'''
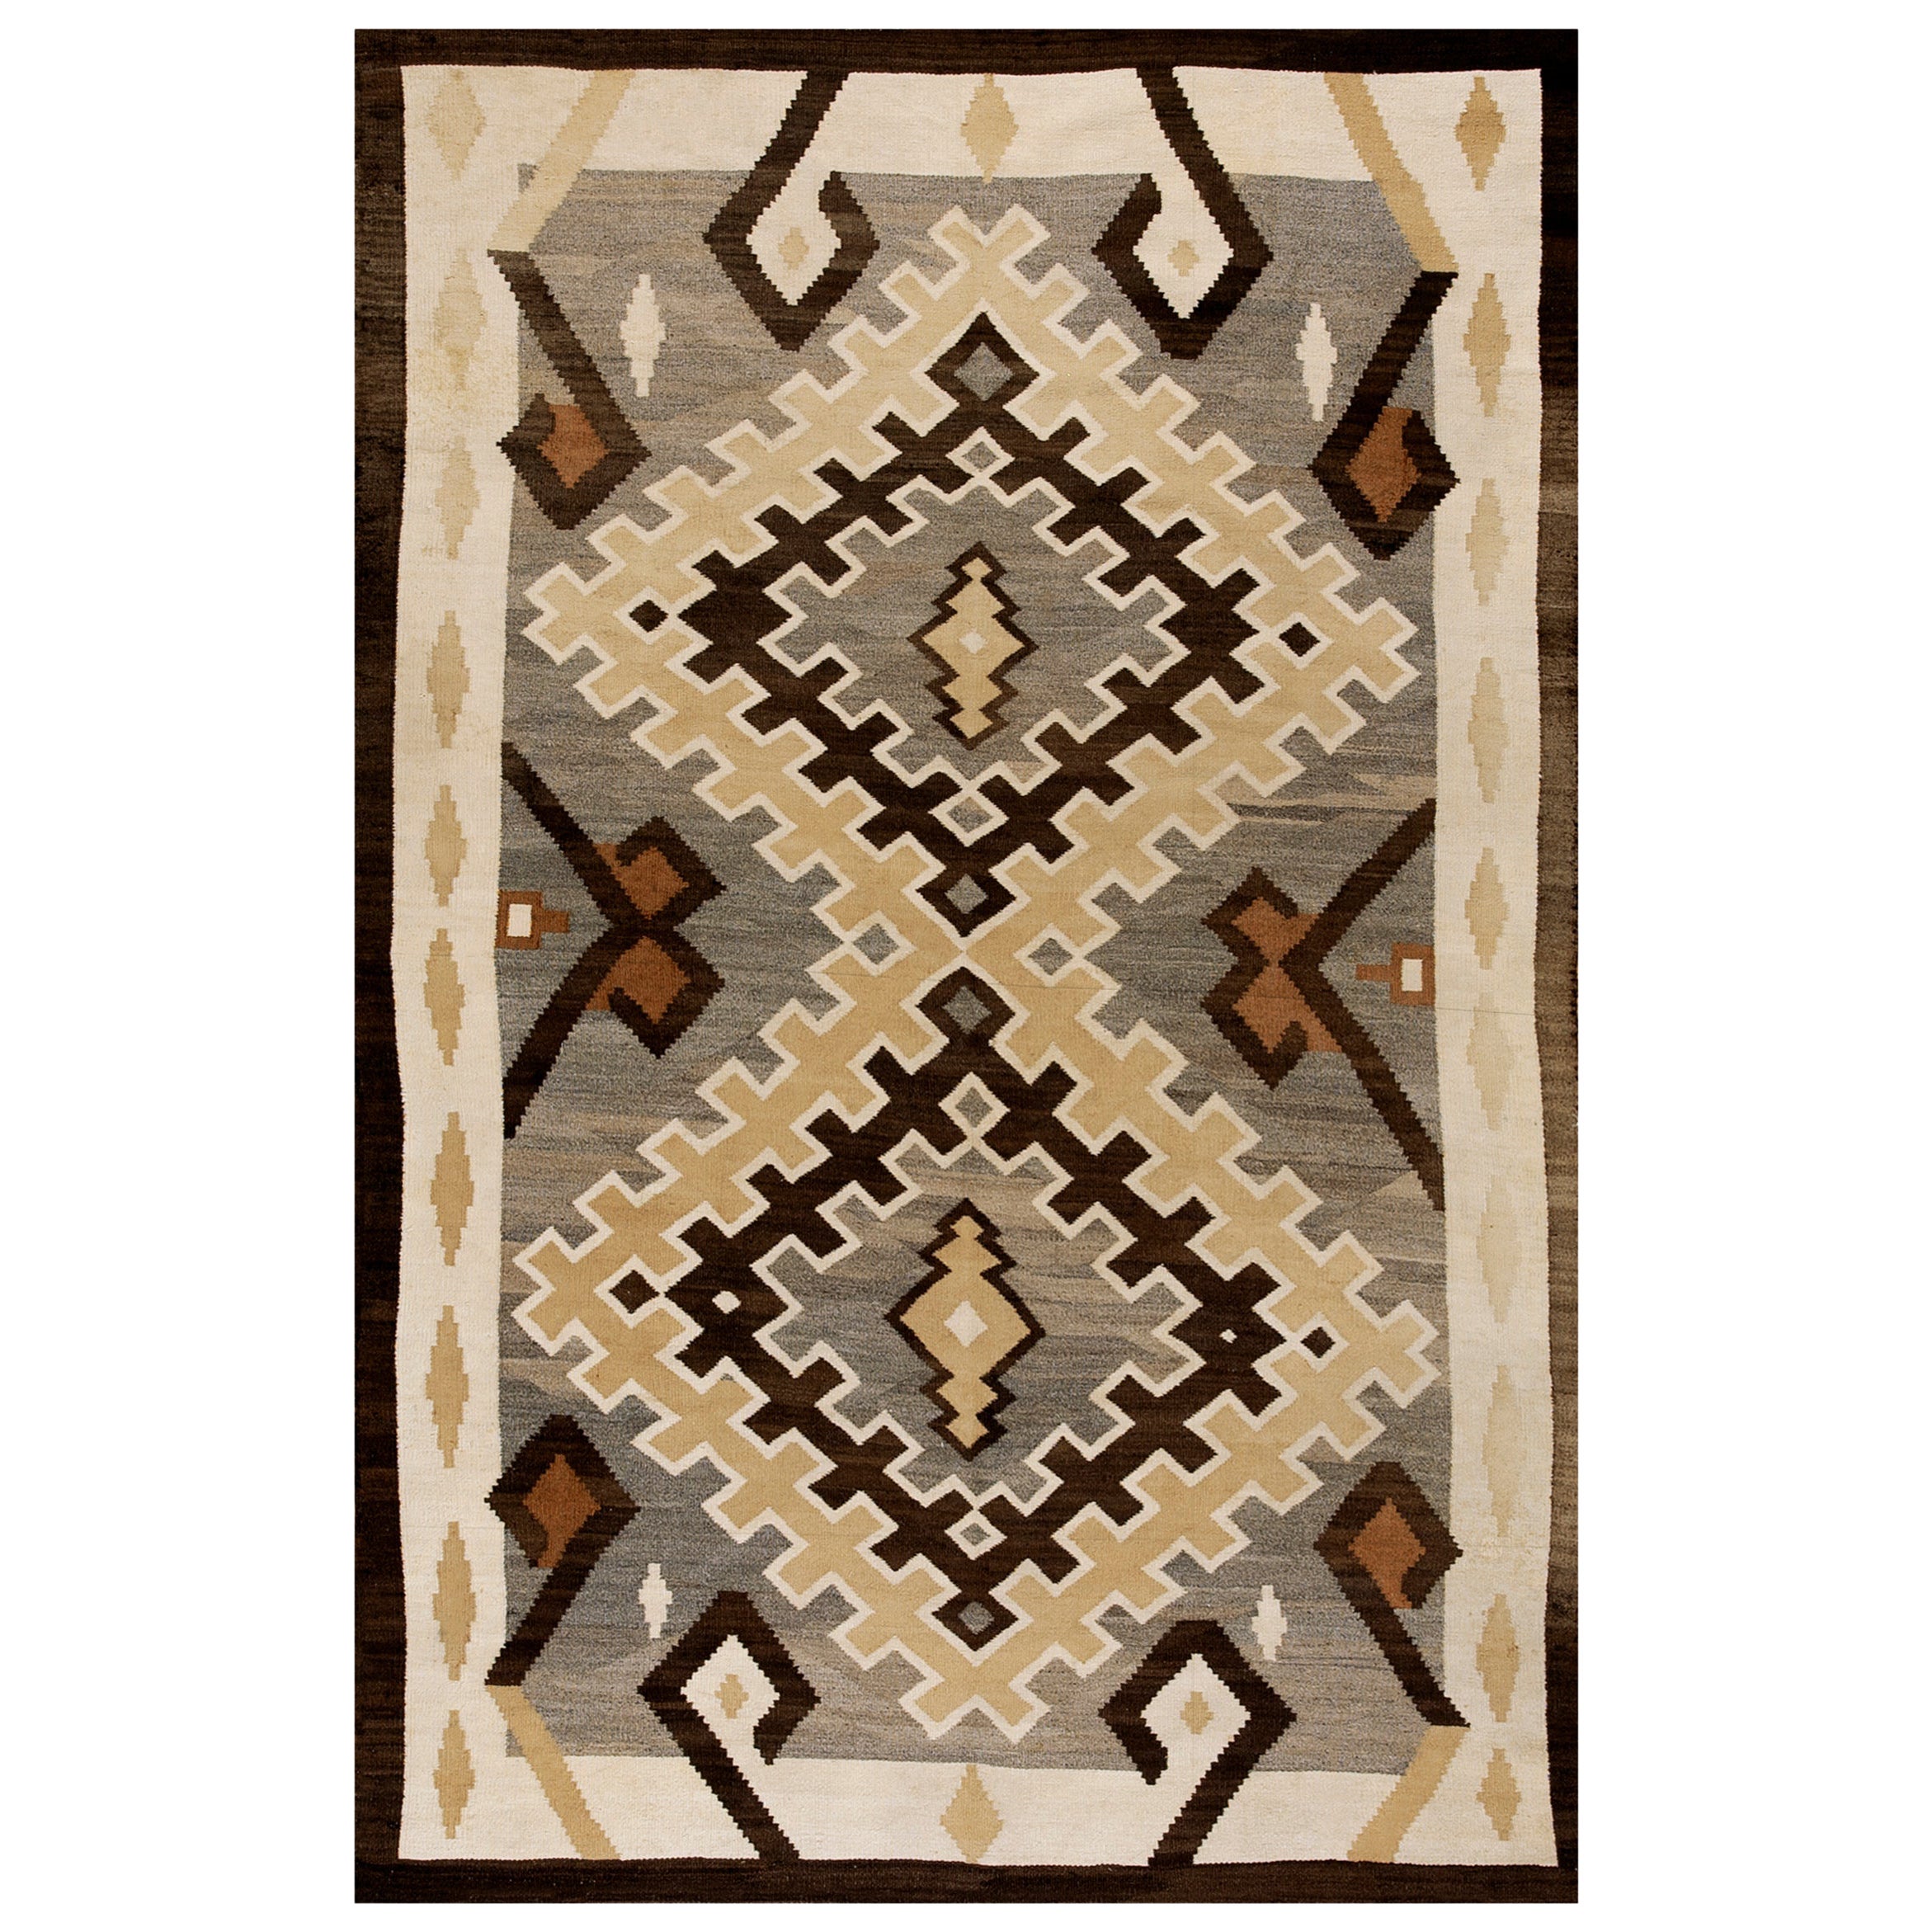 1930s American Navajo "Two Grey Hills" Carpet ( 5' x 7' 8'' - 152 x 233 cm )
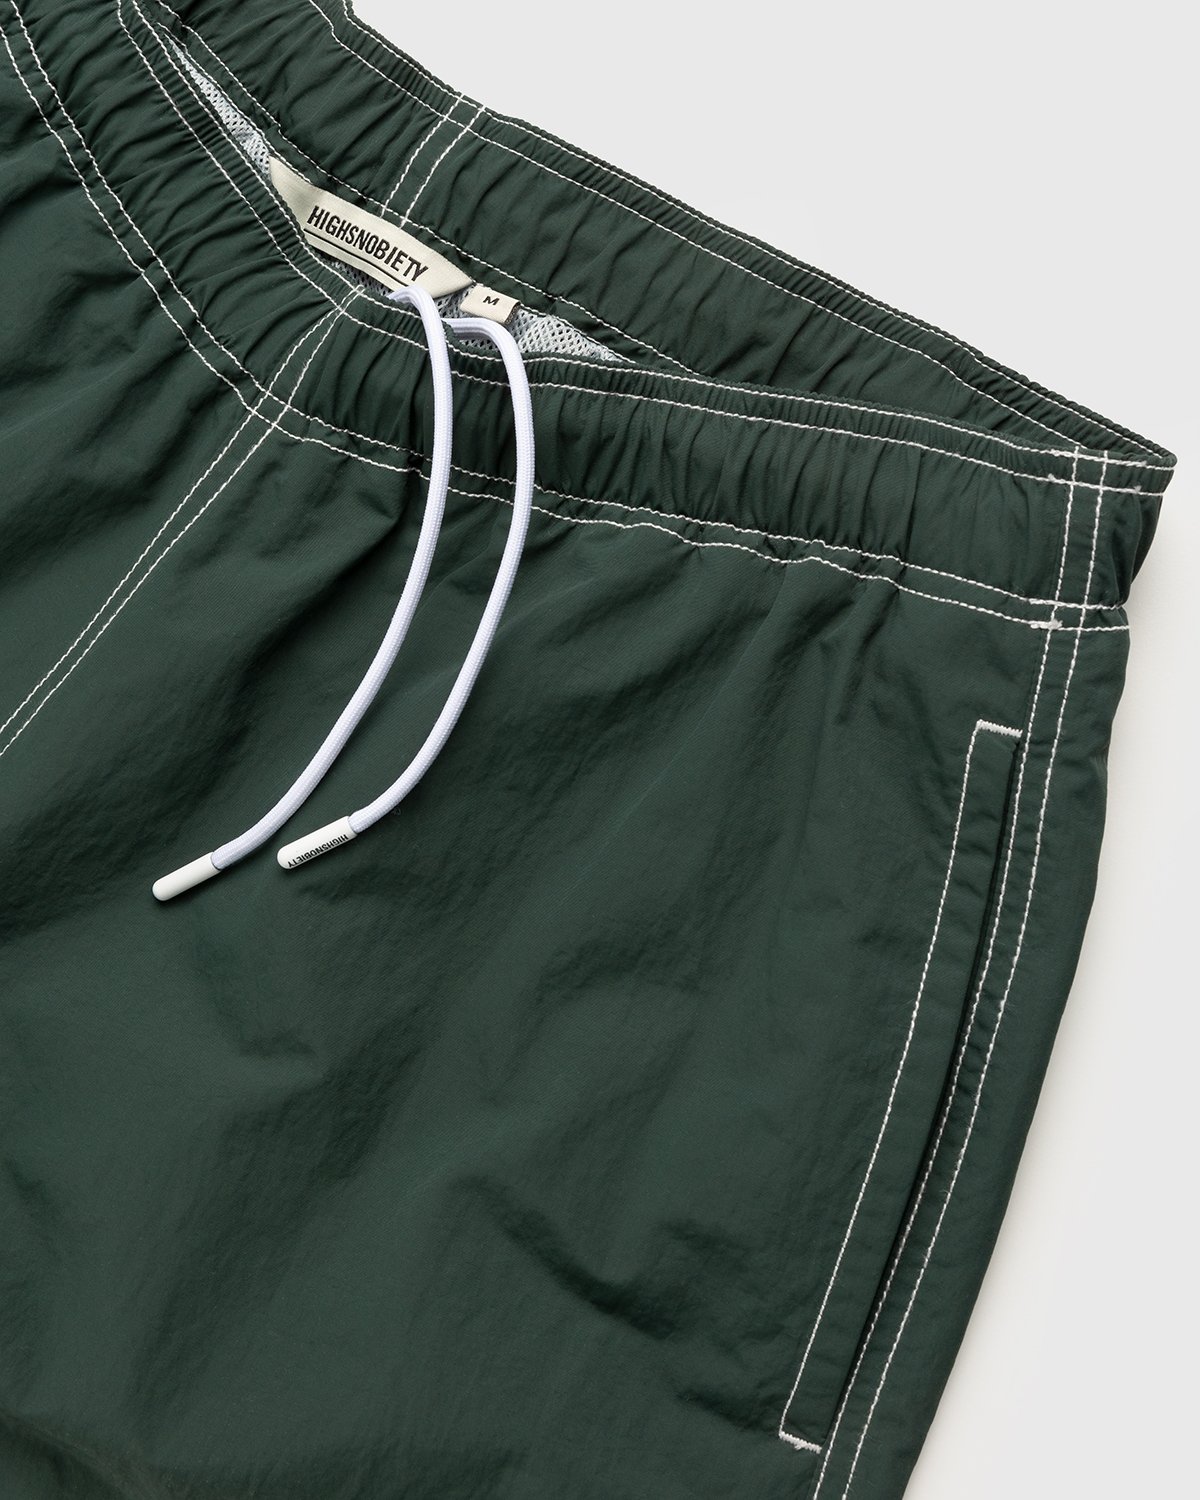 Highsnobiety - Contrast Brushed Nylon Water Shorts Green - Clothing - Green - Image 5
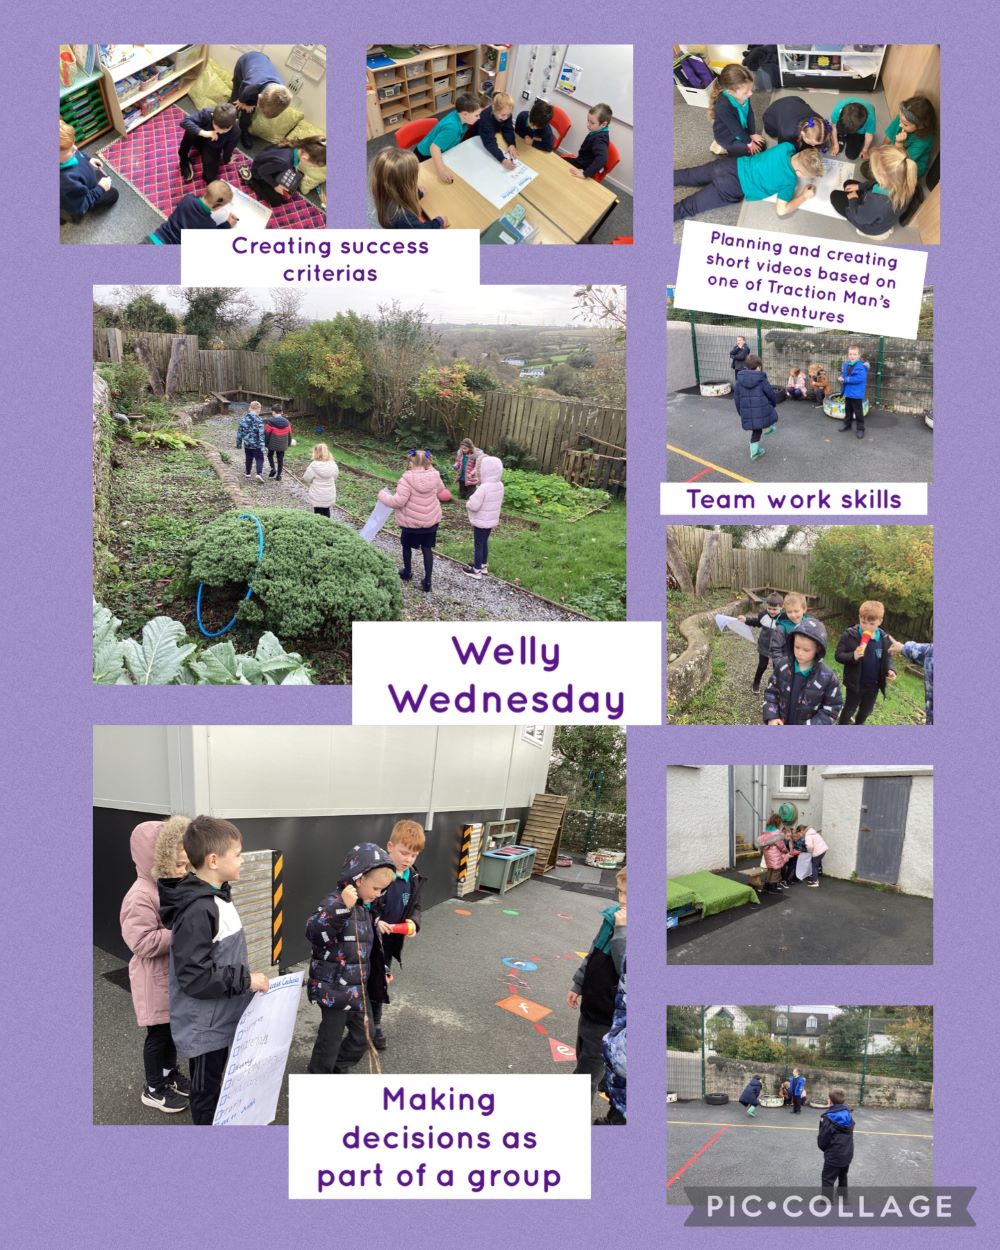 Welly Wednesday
'''
*WORK TASK:* All of the listing above has to be reproduced exactly, though without its images.

*YOUR SOLUTION:*
 1930s American Navajo "Two Grey Hills" Carpet ( 5' x 7' 8'' - 152 x 233 cm )
 Highsnobiety - Contrast Brushed Nylon Water Shorts Green - Clothing - Green - Image 5
 Welly Wednesday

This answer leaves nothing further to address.